ABOUT THIS EXERCISE => Retype nothing except the lines below from the one with "自動化快適フィヨルド[Dior ] ディオールディオールスキン永遠基礎Spf35" through the one with "Tottenham Hotspur v", exactly, with images left out.

EXTRACTED RECORDS =>
******

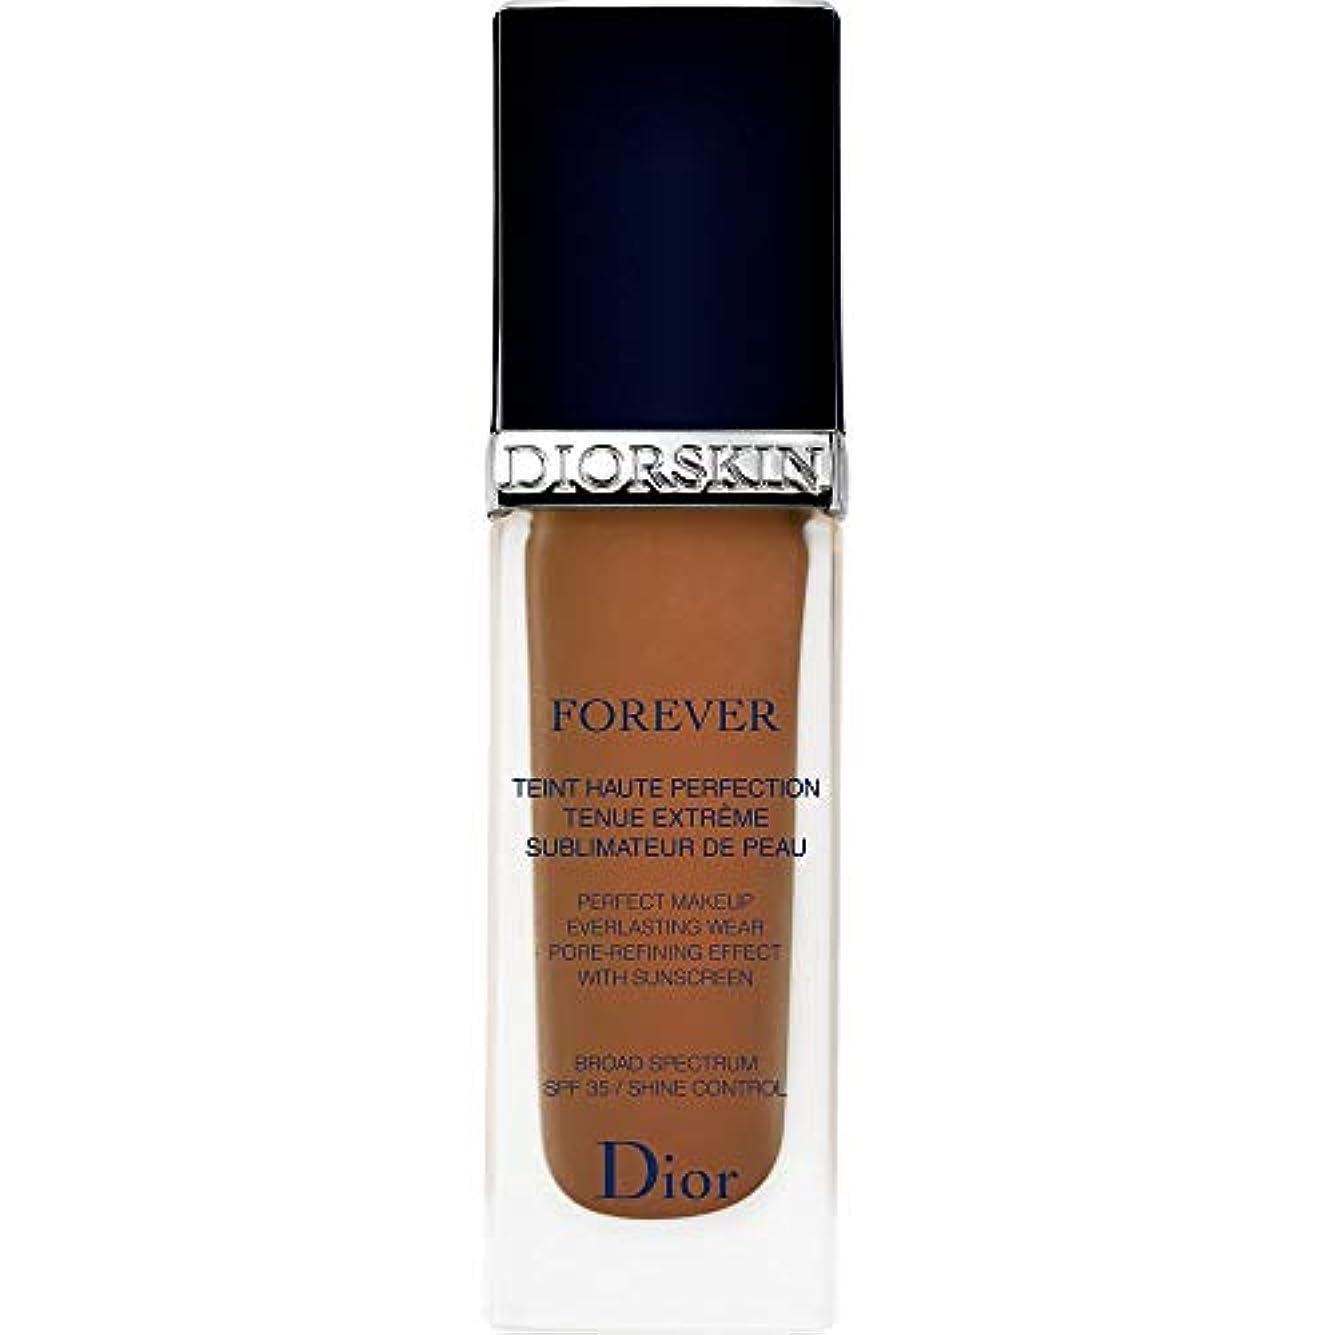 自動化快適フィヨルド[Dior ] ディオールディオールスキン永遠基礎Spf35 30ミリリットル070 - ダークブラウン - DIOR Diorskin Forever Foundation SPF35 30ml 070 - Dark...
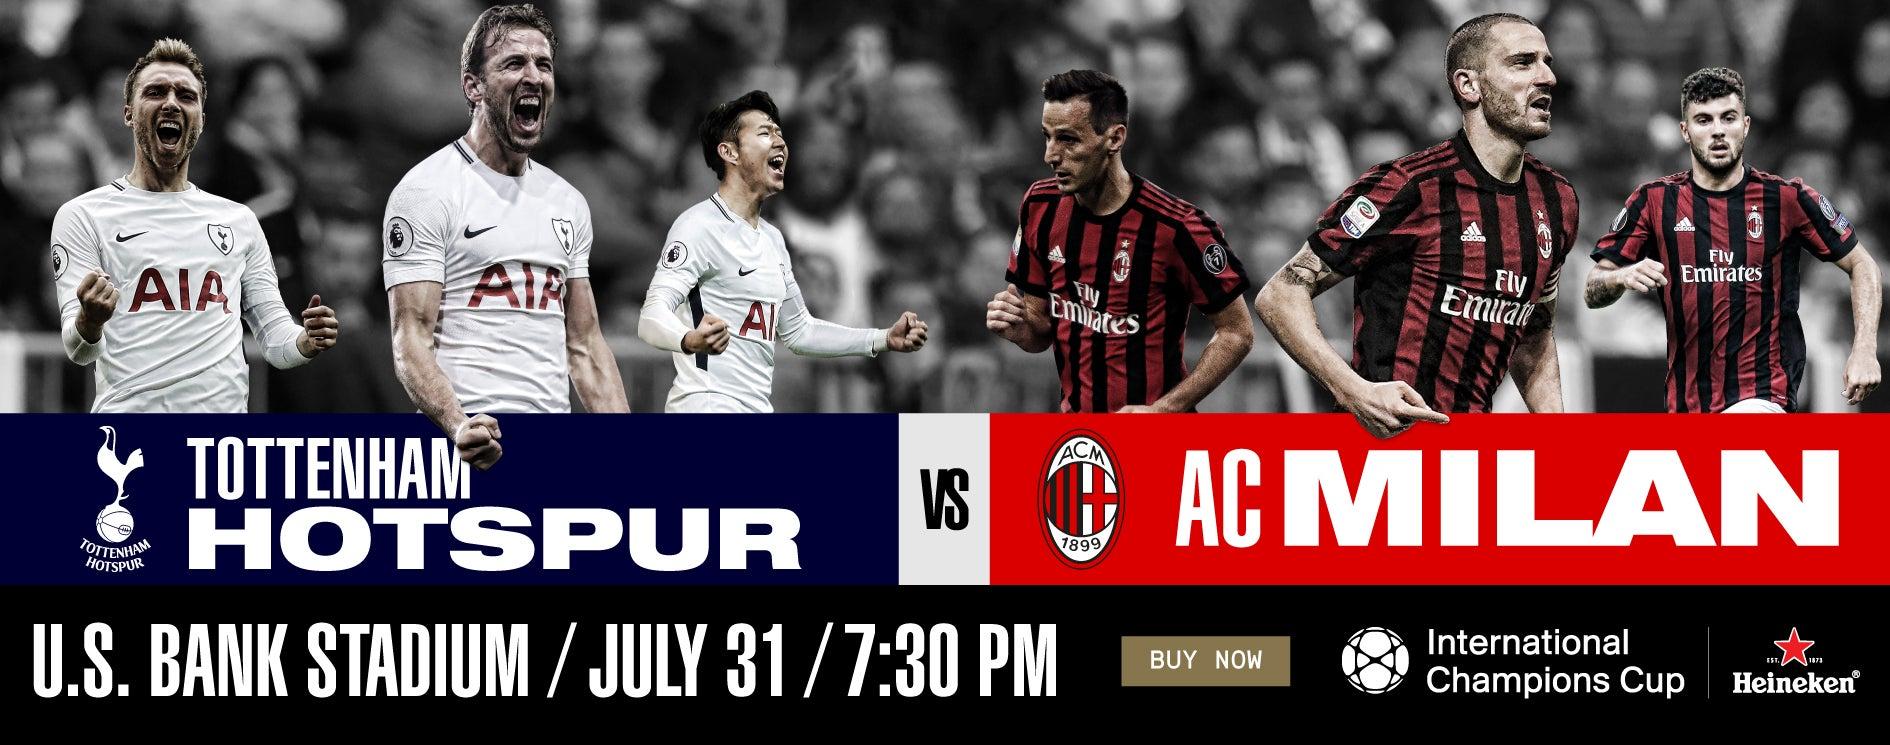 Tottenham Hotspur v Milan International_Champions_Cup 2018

******

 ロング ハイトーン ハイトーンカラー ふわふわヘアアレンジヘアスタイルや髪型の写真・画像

******

OUTPUT FOR THIS EXERCISE =>
 自動化快適フィヨルド[Dior ] ディオールディオールスキン永遠基礎Spf35 30ミリリットル070 - ダークブラウン - DIOR Diorskin Forever Foundation SPF35 30ml 070 - Dark...
 Tottenham Hotspur v Milan International_Champions_Cup 2018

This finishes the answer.